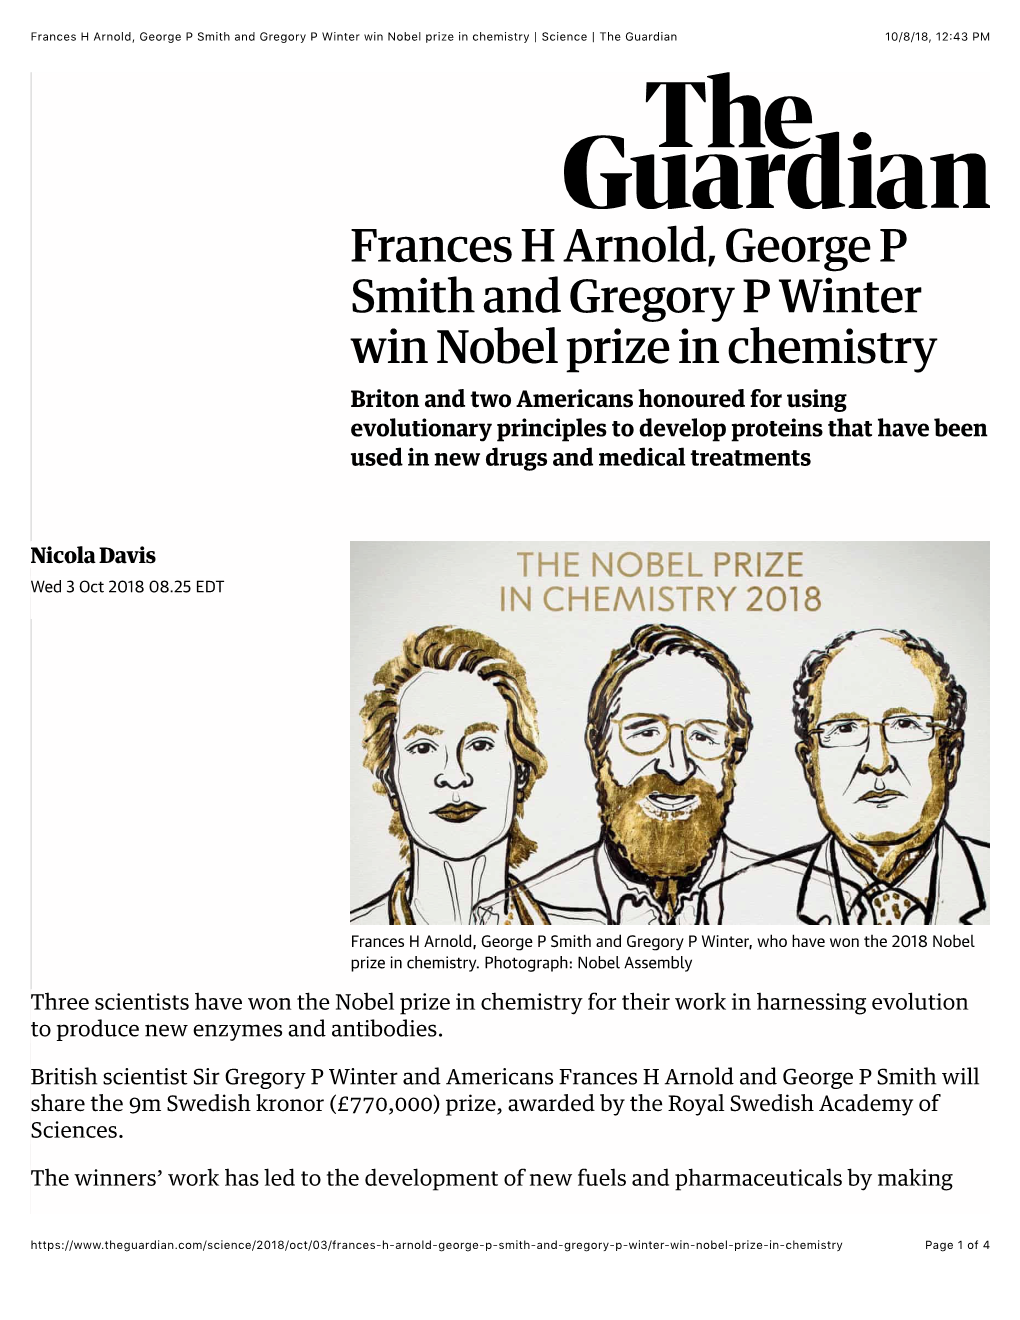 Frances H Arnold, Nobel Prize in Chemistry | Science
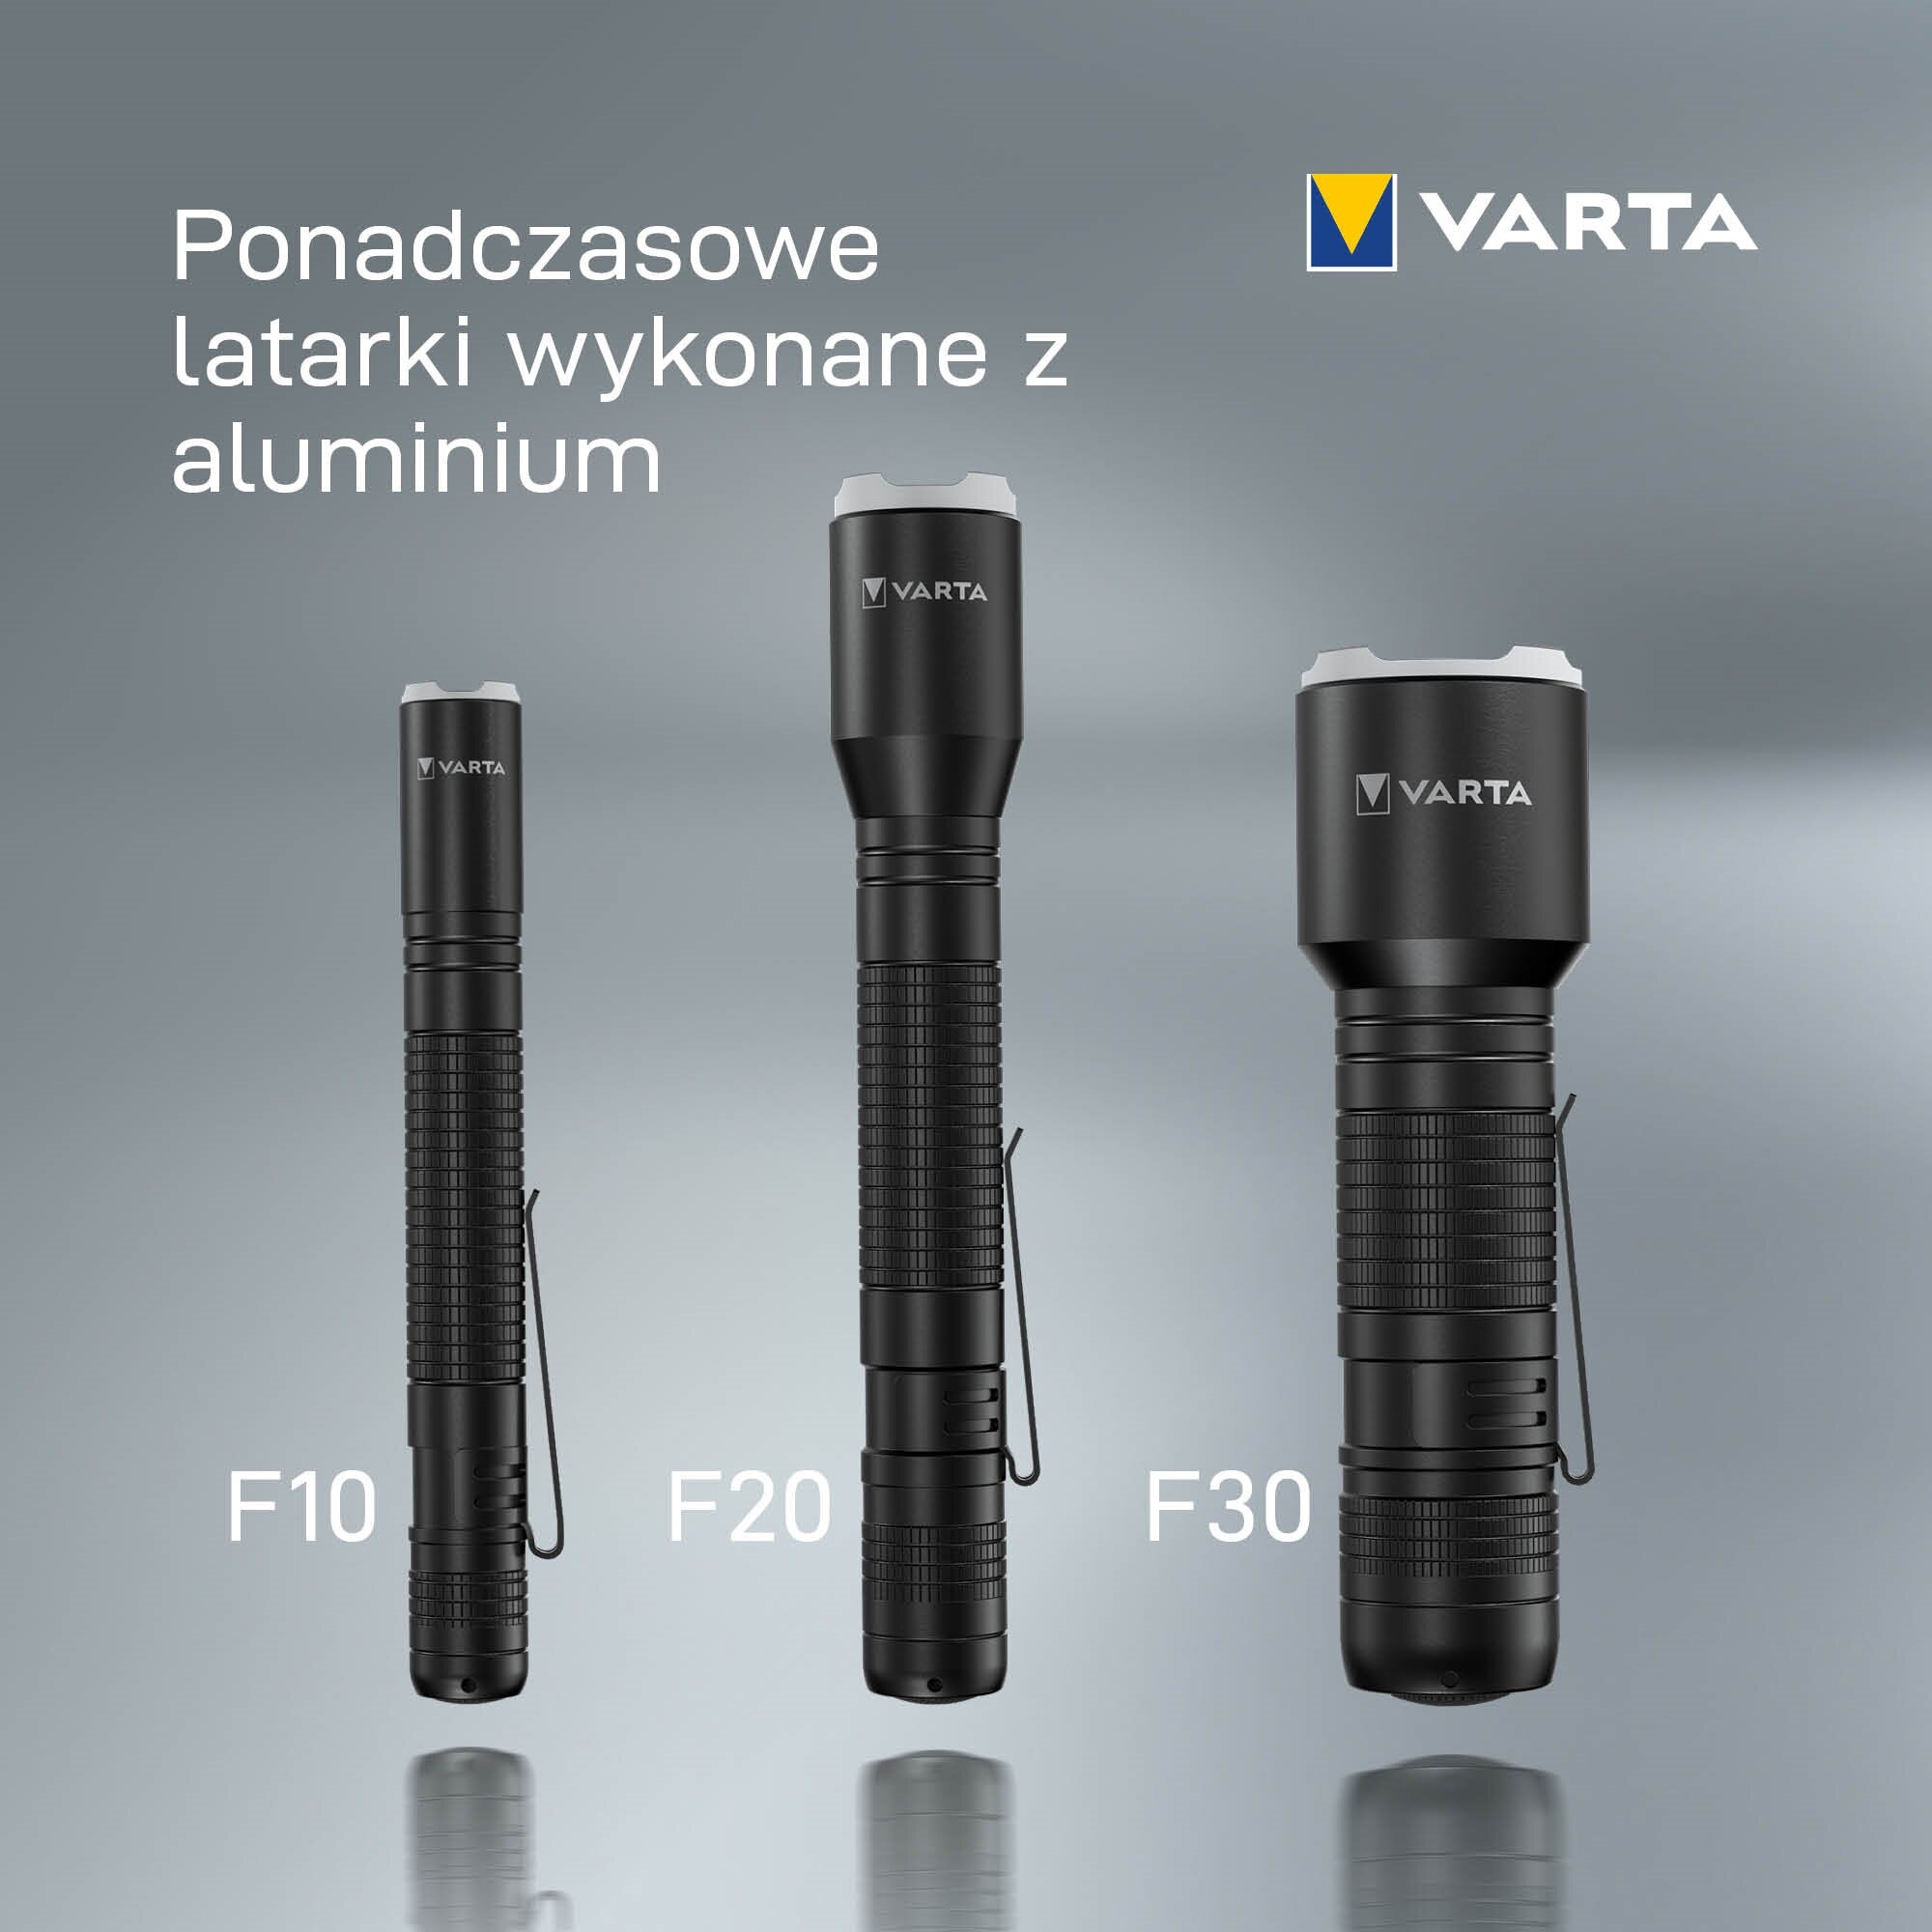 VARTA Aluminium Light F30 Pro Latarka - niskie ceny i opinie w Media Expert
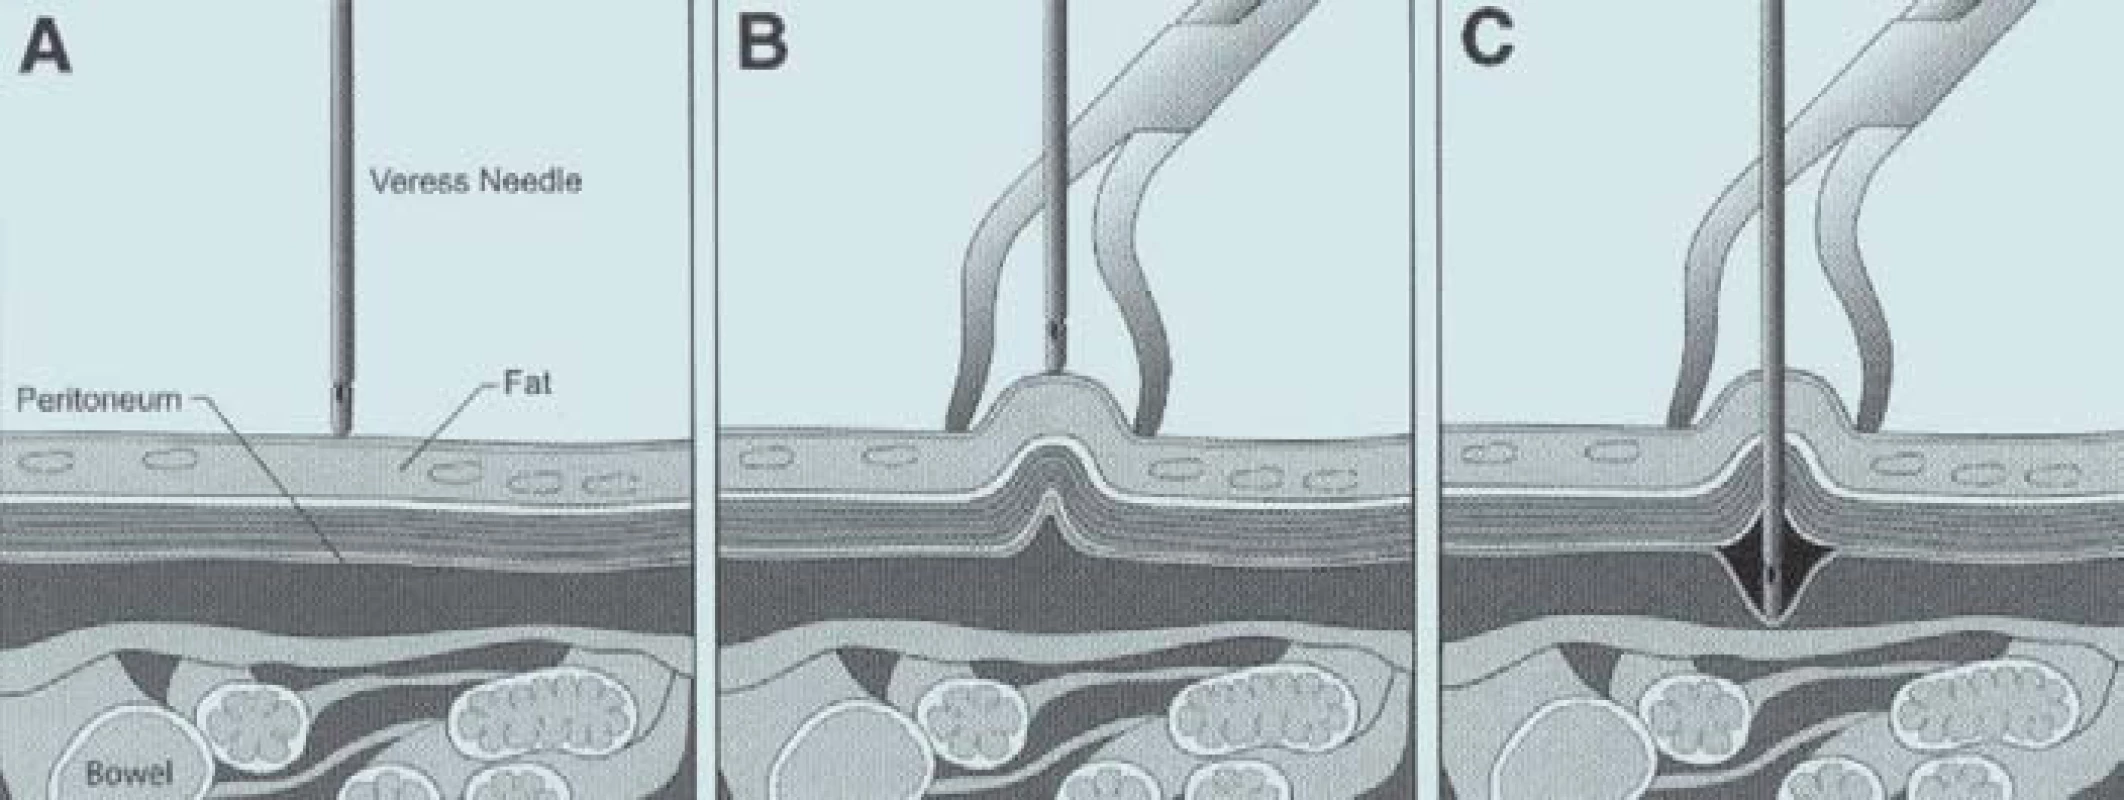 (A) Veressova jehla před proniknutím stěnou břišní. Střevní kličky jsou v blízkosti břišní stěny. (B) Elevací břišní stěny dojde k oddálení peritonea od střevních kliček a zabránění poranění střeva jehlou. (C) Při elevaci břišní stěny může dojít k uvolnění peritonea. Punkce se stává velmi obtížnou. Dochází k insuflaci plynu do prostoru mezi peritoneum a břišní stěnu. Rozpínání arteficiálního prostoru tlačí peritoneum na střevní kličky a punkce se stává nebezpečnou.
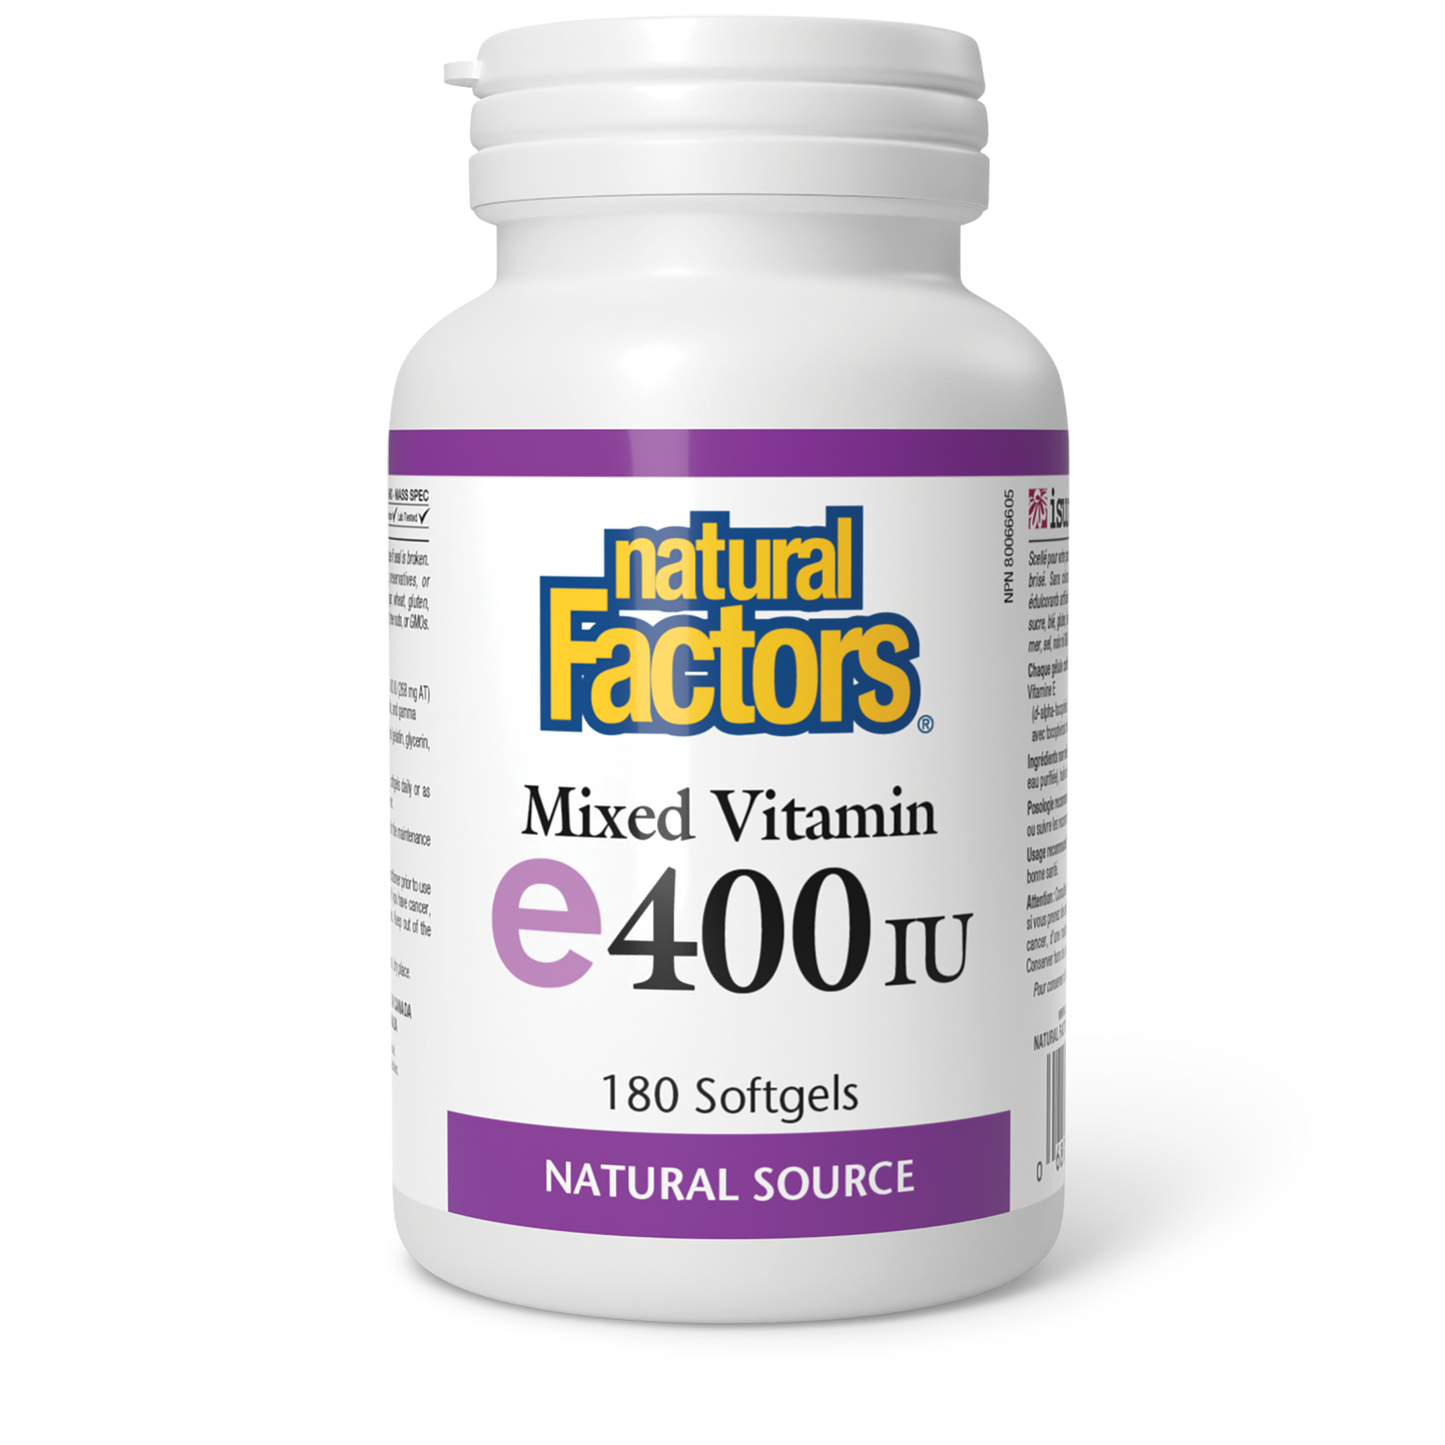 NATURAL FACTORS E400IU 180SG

EXERCISE
An exact transcript of the listing is needed, free of pictures.

RESULT FOR THIS TASK
 Frances H Arnold, Nobel Prize in Chemistry | Science
 VARTA Aluminium Light F30 Pro Latarka - niskie ceny i opinie w Media Expert
 (A) Veressova jehla před proniknutím stěnou břišní. Střevní kličky jsou v blízkosti břišní stěny. (B) Elevací břišní stěny dojde k oddálení peritonea od střevních kliček a zabránění poranění střeva jehlou. (C) Při elevaci břišní stěny může dojít k uvolnění peritonea. Punkce se stává velmi obtížnou. Dochází k insuflaci plynu do prostoru mezi peritoneum a břišní stěnu. Rozpínání arteficiálního prostoru tlačí peritoneum na střevní kličky a punkce se stává nebezpečnou.
 NATURAL FACTORS E400IU 180SG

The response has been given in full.